*EXERCISE:*
When you write out the listing, keep every character and omit the pictures.

*DATA BELOW:*
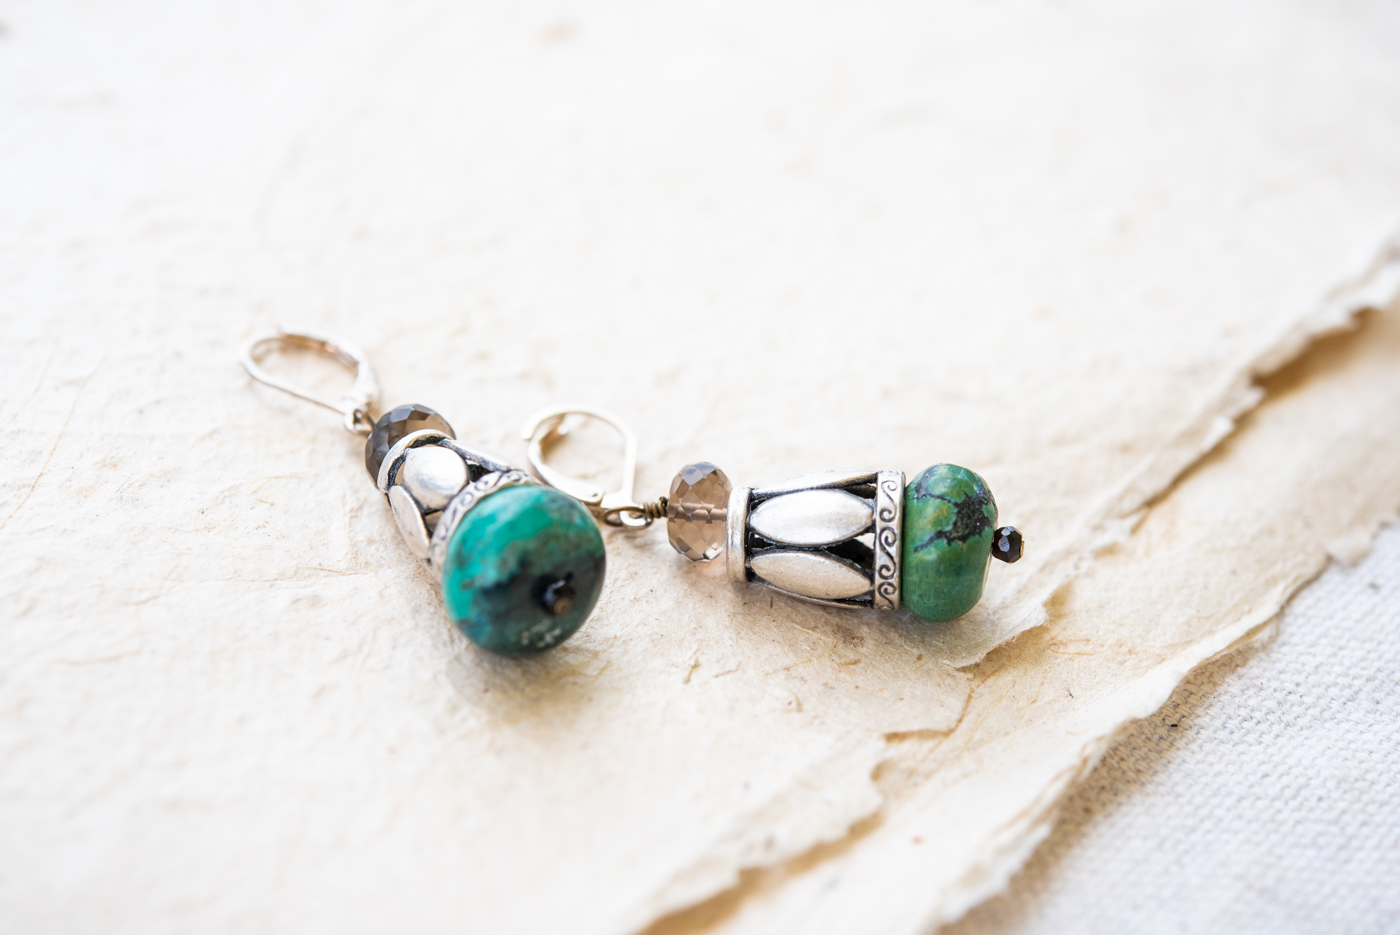 Turquoise and Smoky Quartz Dangle Earrings
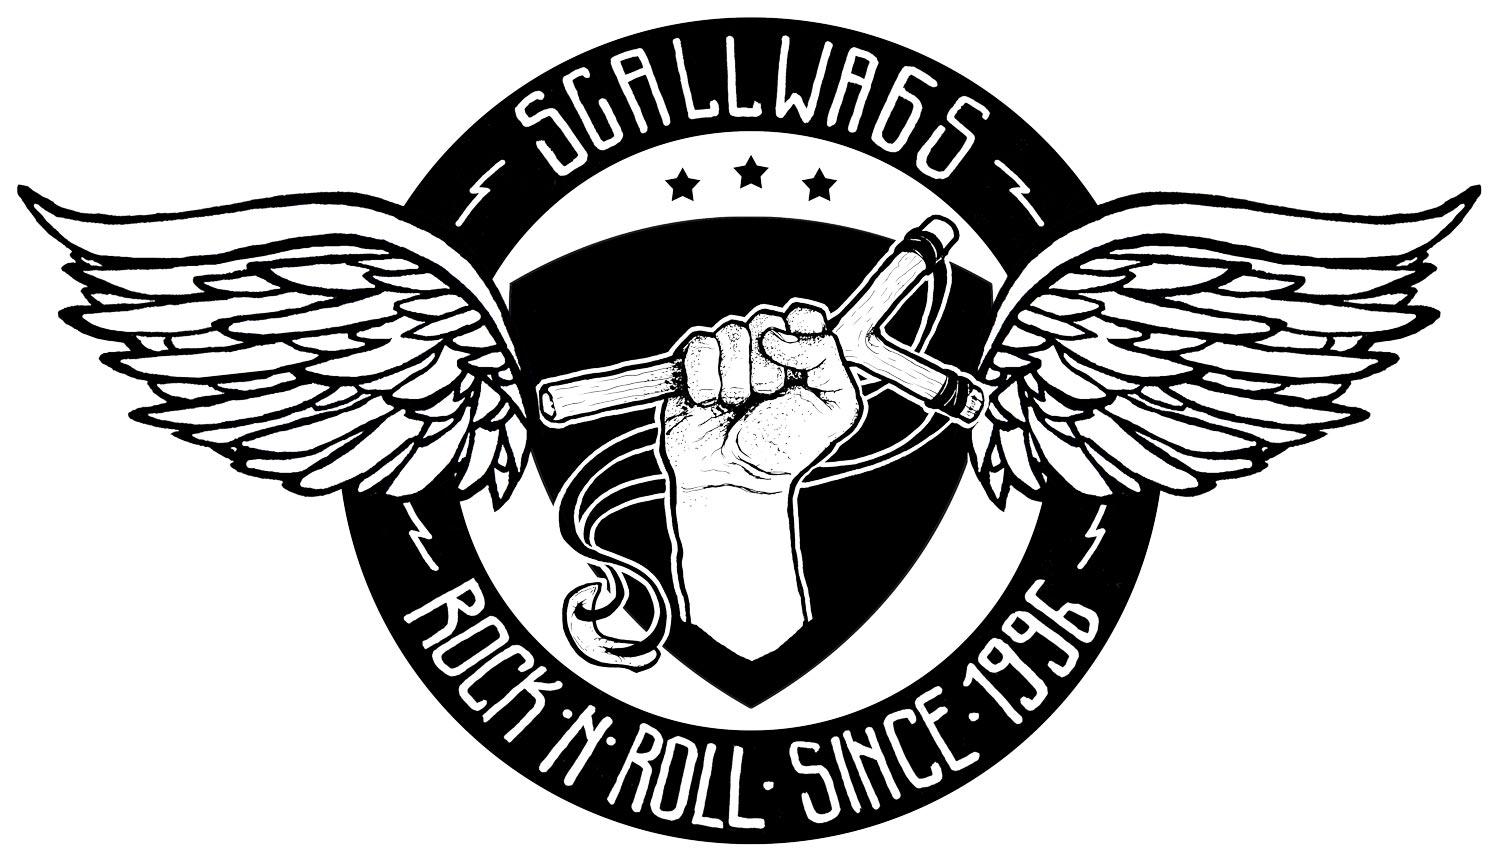 scallwags_final
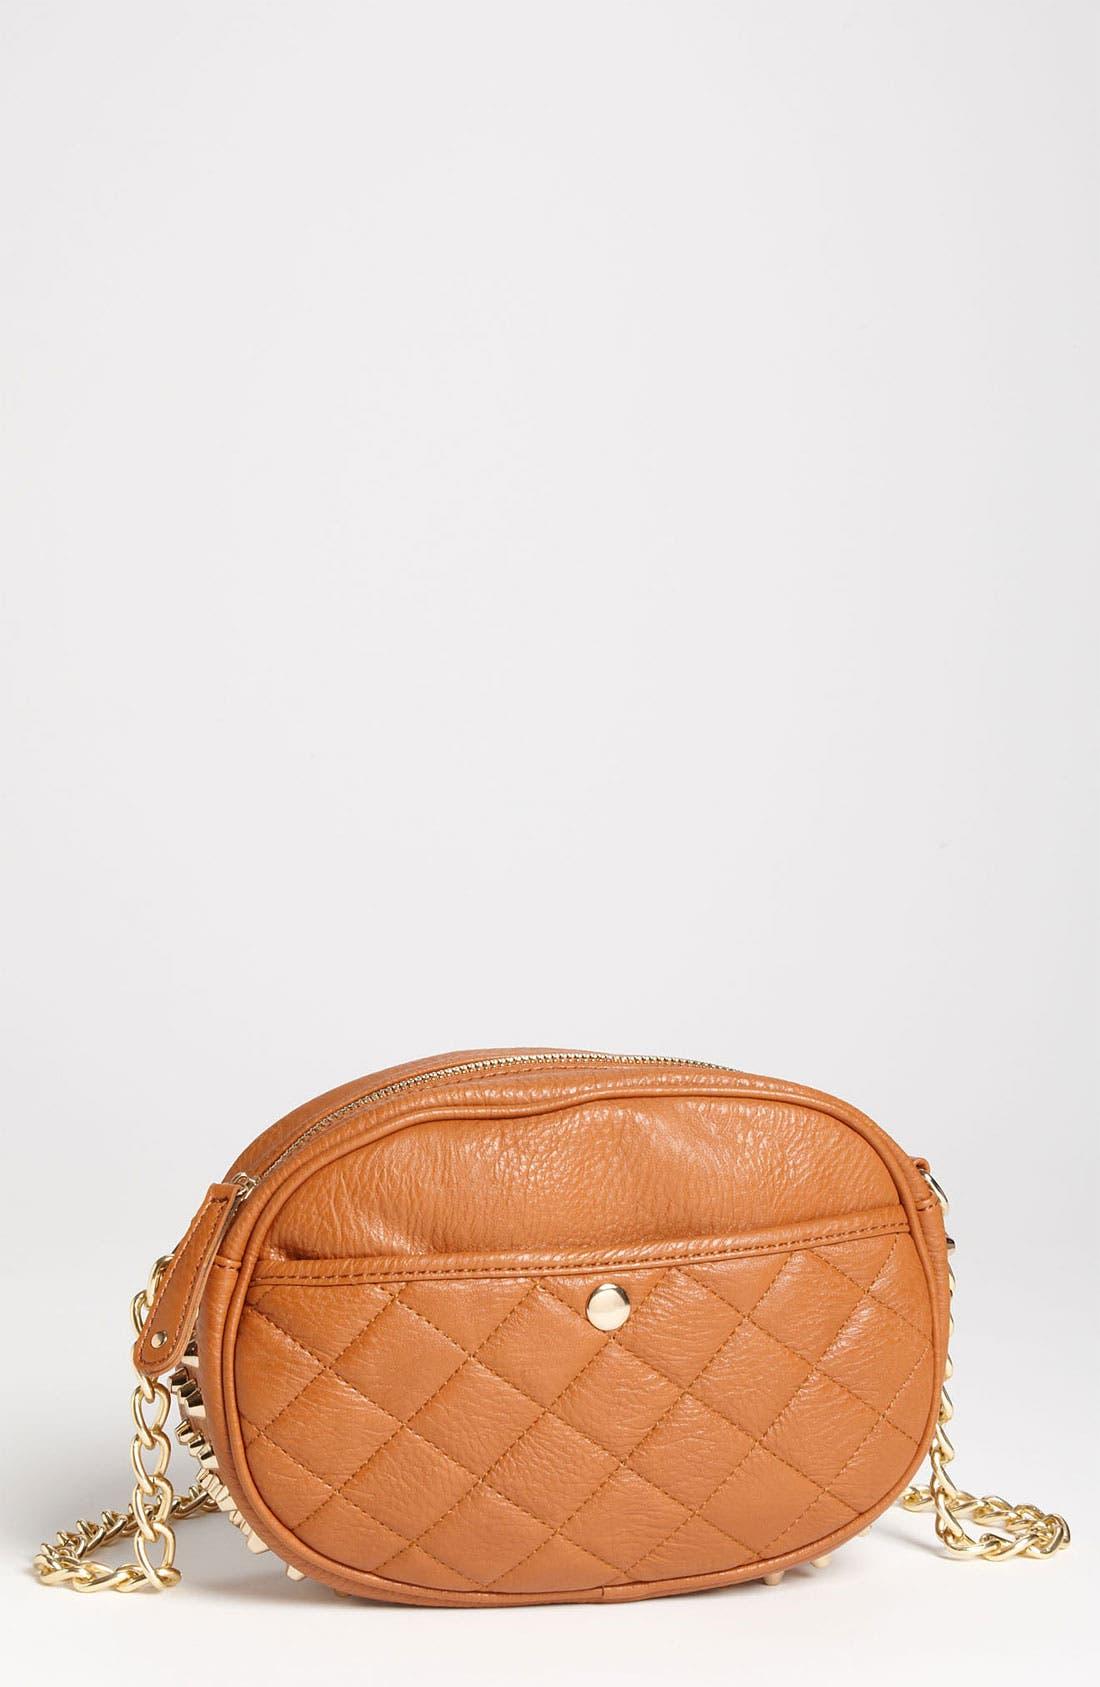 Main Image - Street Level Studded Crossbody Bag

*THE ANSWER:*
 Turquoise and Smoky Quartz Dangle Earrings
 scallwags_final
 Main Image - Street Level Studded Crossbody Bag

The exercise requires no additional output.